----- Data section
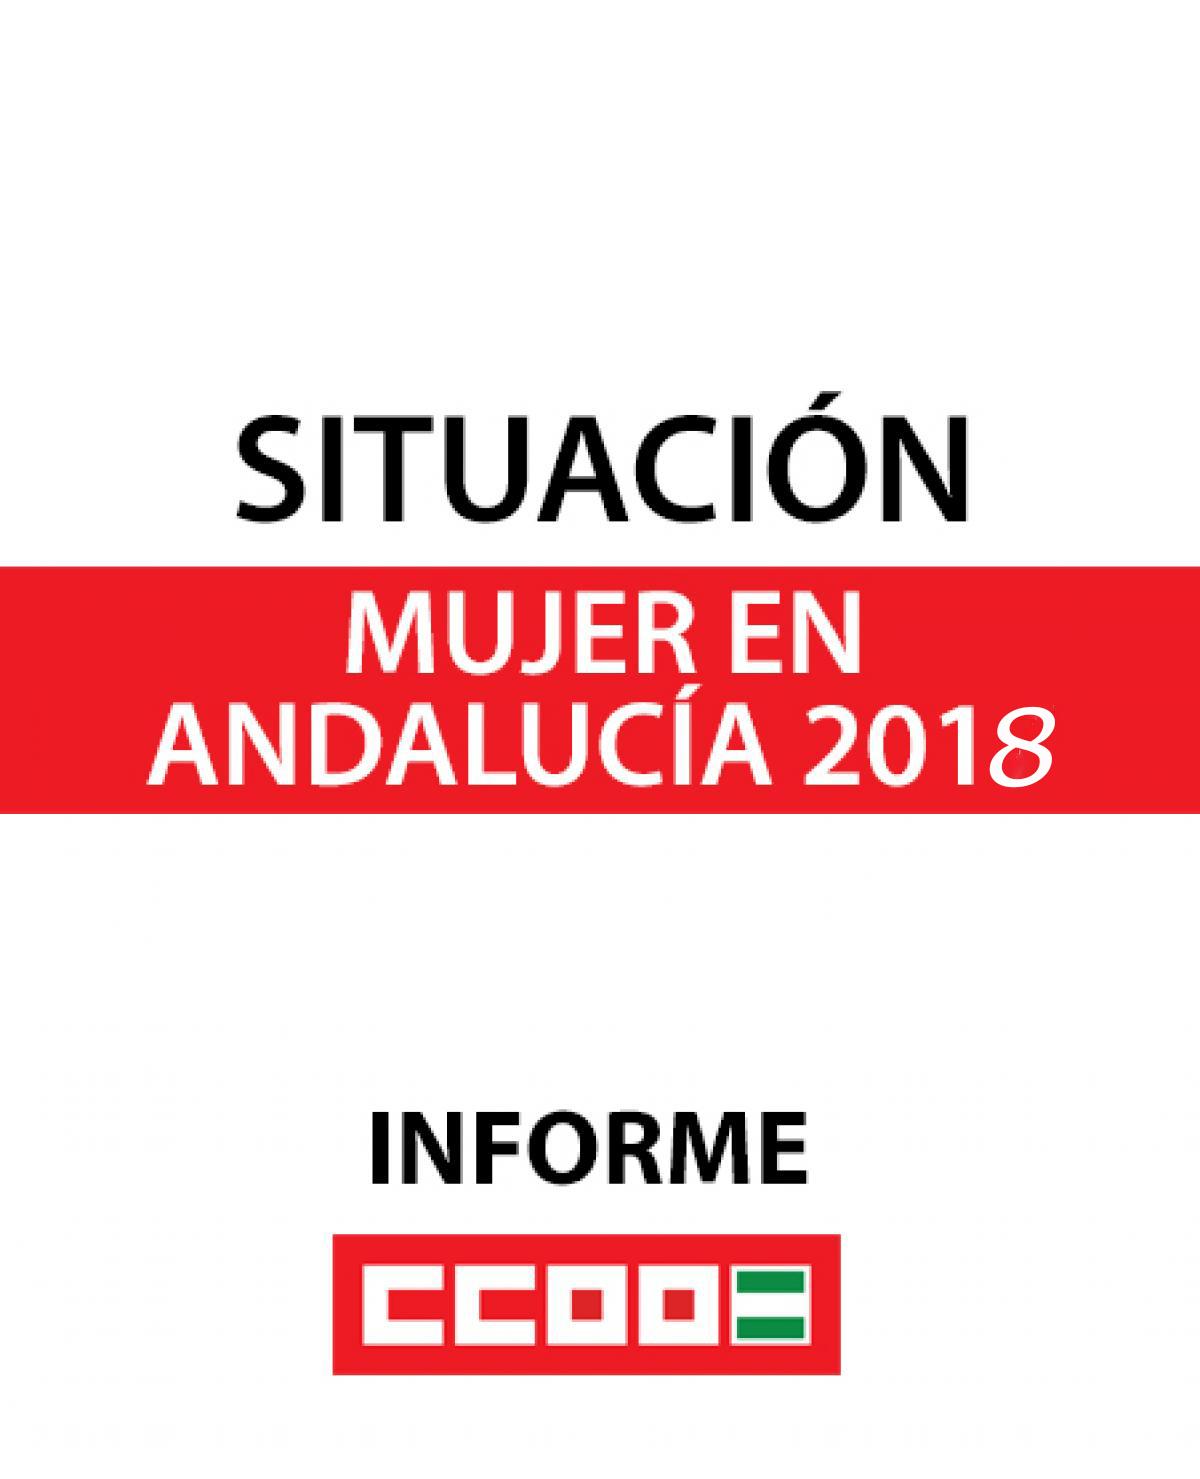 Informe completo sobre la situacin laboral de la mujer en Andaluca 2018
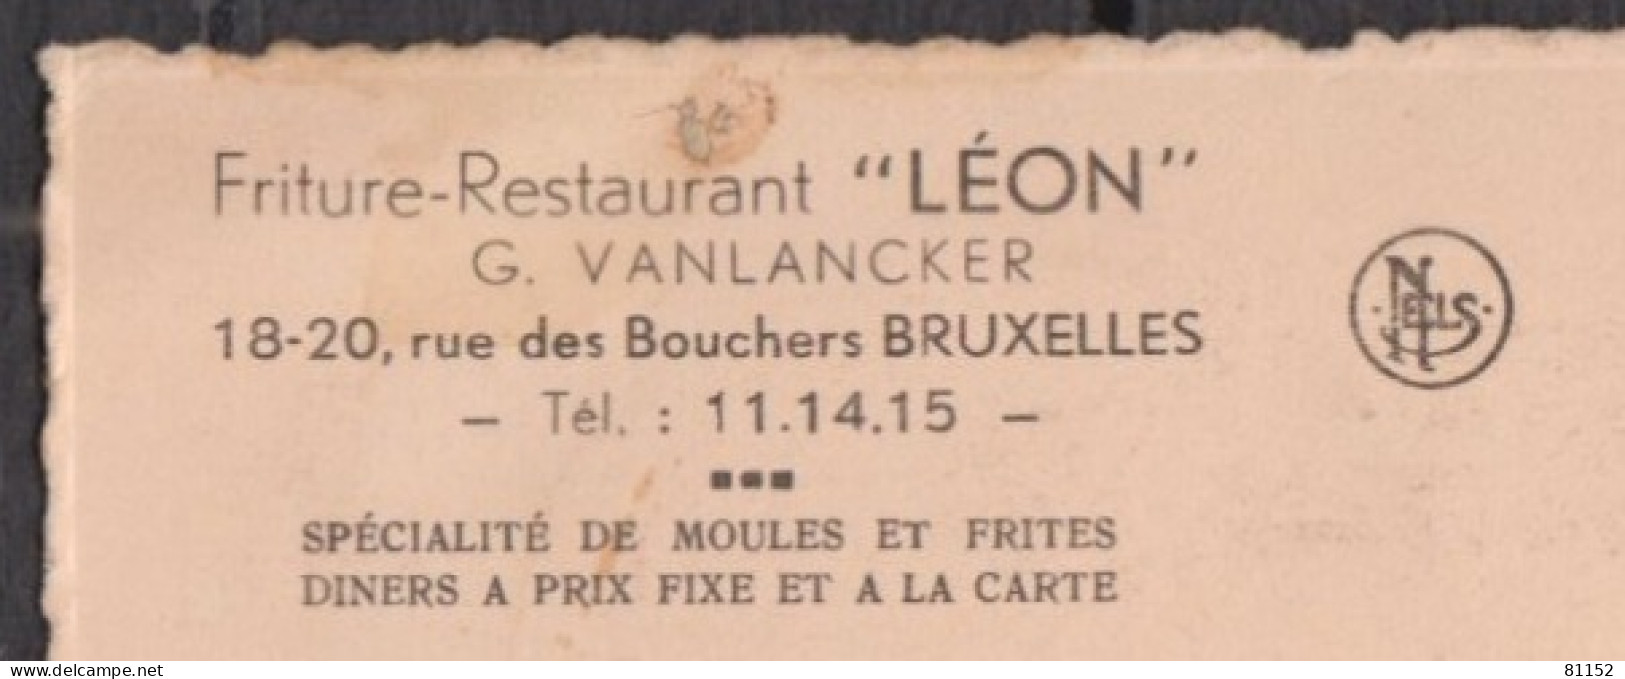 Belgique   BRUXELLES - Friture-Restaurant LEON - Prop. Honoré VANLANCKER-REUMONT    Non écrite - Restaurants
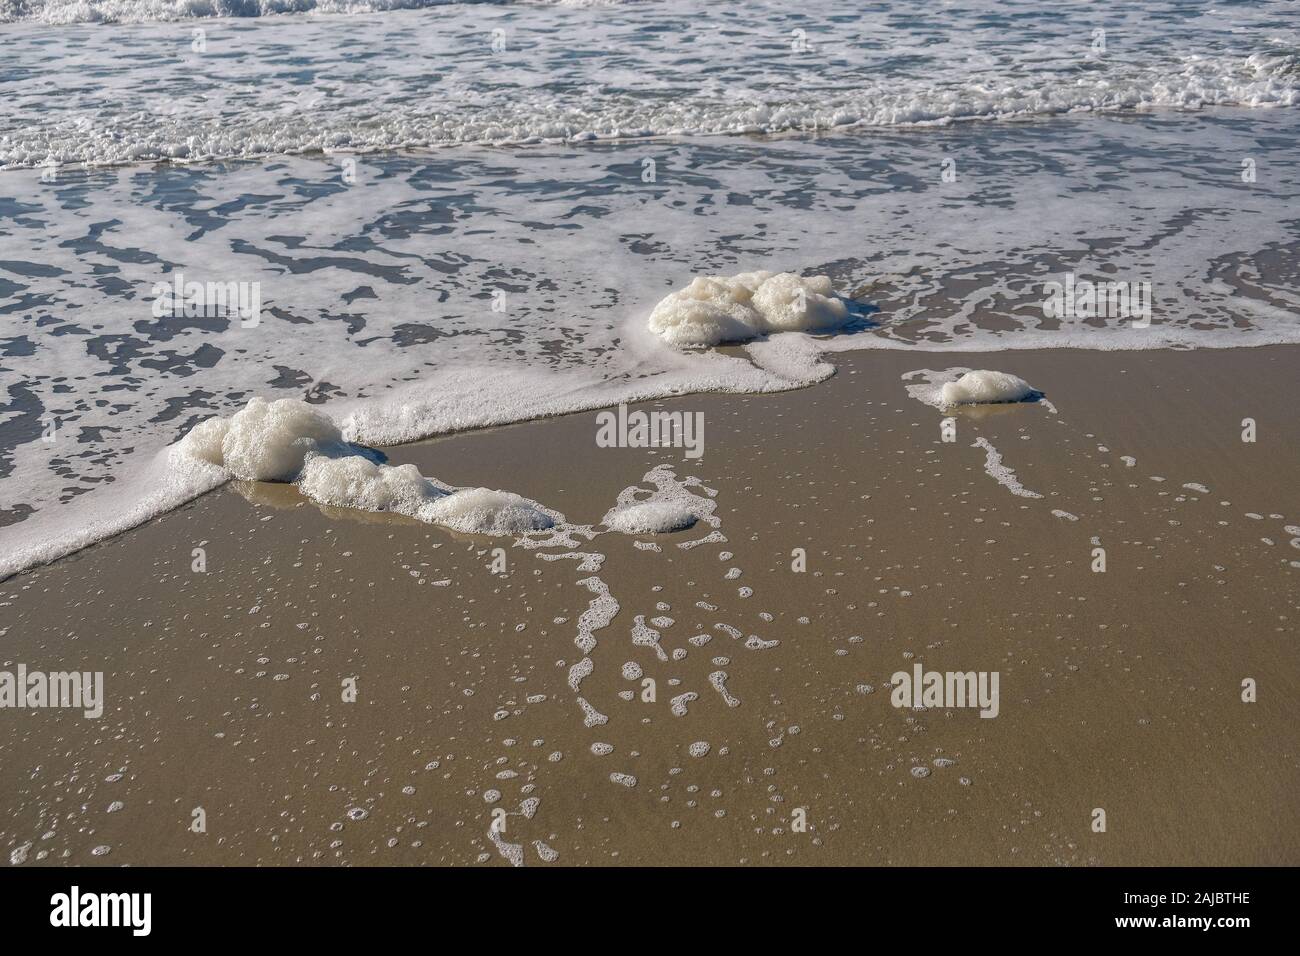 Inquinamento chimico di schiuma di mare sulla selvaggia costa del mare ecosistema,l'inquinamento contaminazione Foto Stock
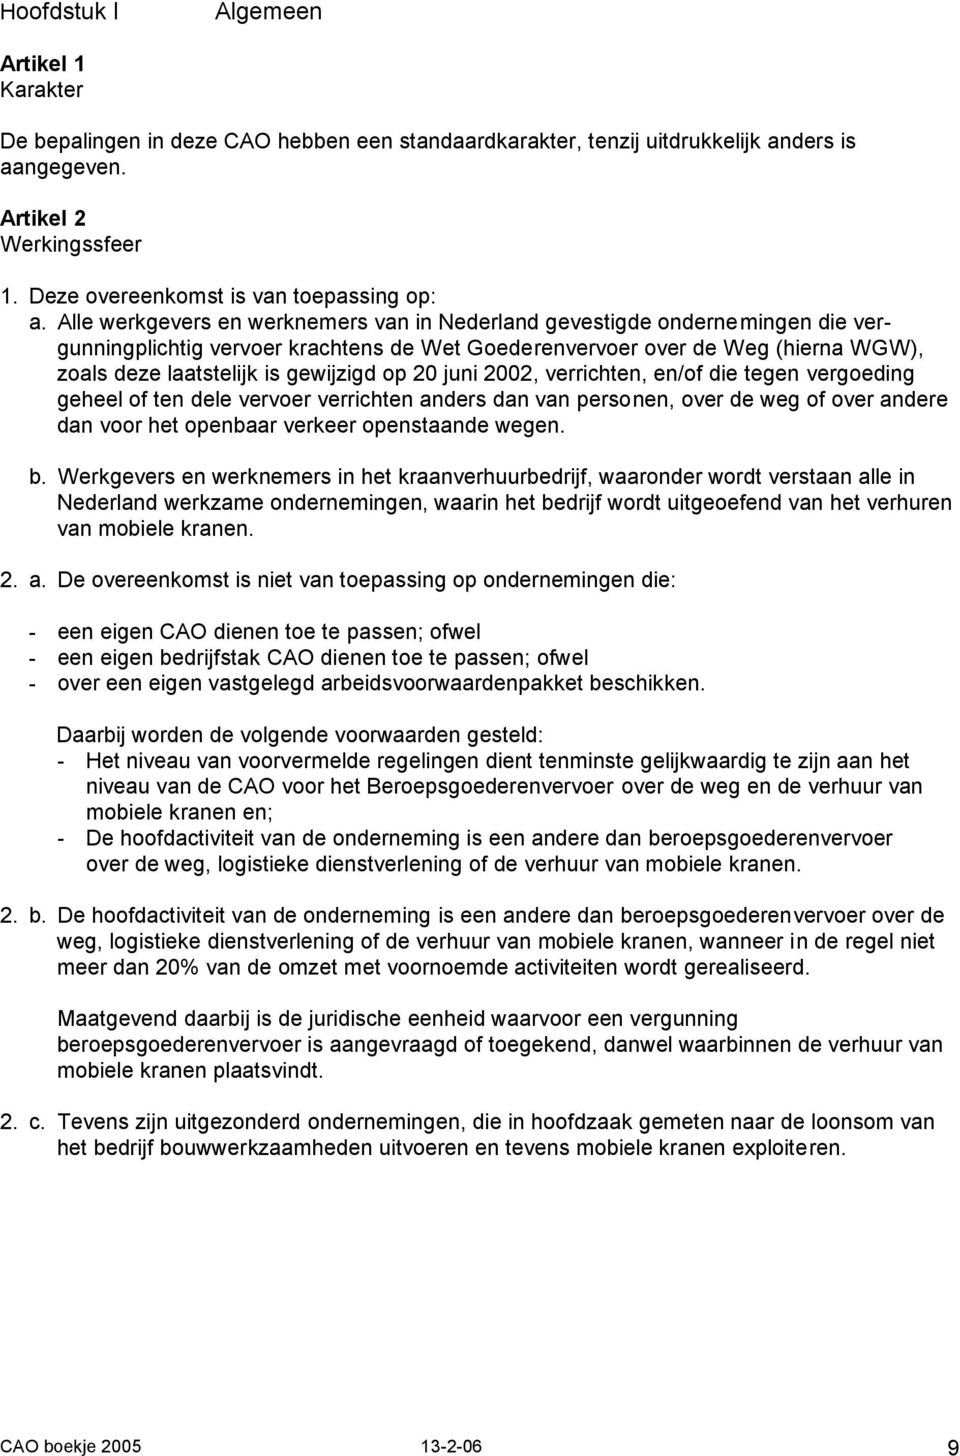 Alle werkgevers en werknemers van in Nederland gevestigde ondernemingen die vergunningplichtig vervoer krachtens de Wet Goederenvervoer over de Weg (hierna WGW), zoals deze laatstelijk is gewijzigd
----------
# How to complete this task
Return the lines exactly, from the one containing "Inquinamento chimico di" through the last line above, including both ends and excluding every picture.

# Response below
 Inquinamento chimico di schiuma di mare sulla selvaggia costa del mare ecosistema,l'inquinamento contaminazione Foto Stock
 Alle werkgevers en werknemers van in Nederland gevestigde ondernemingen die vergunningplichtig vervoer krachtens de Wet Goederenvervoer over de Weg (hierna WGW), zoals deze laatstelijk is gewijzigd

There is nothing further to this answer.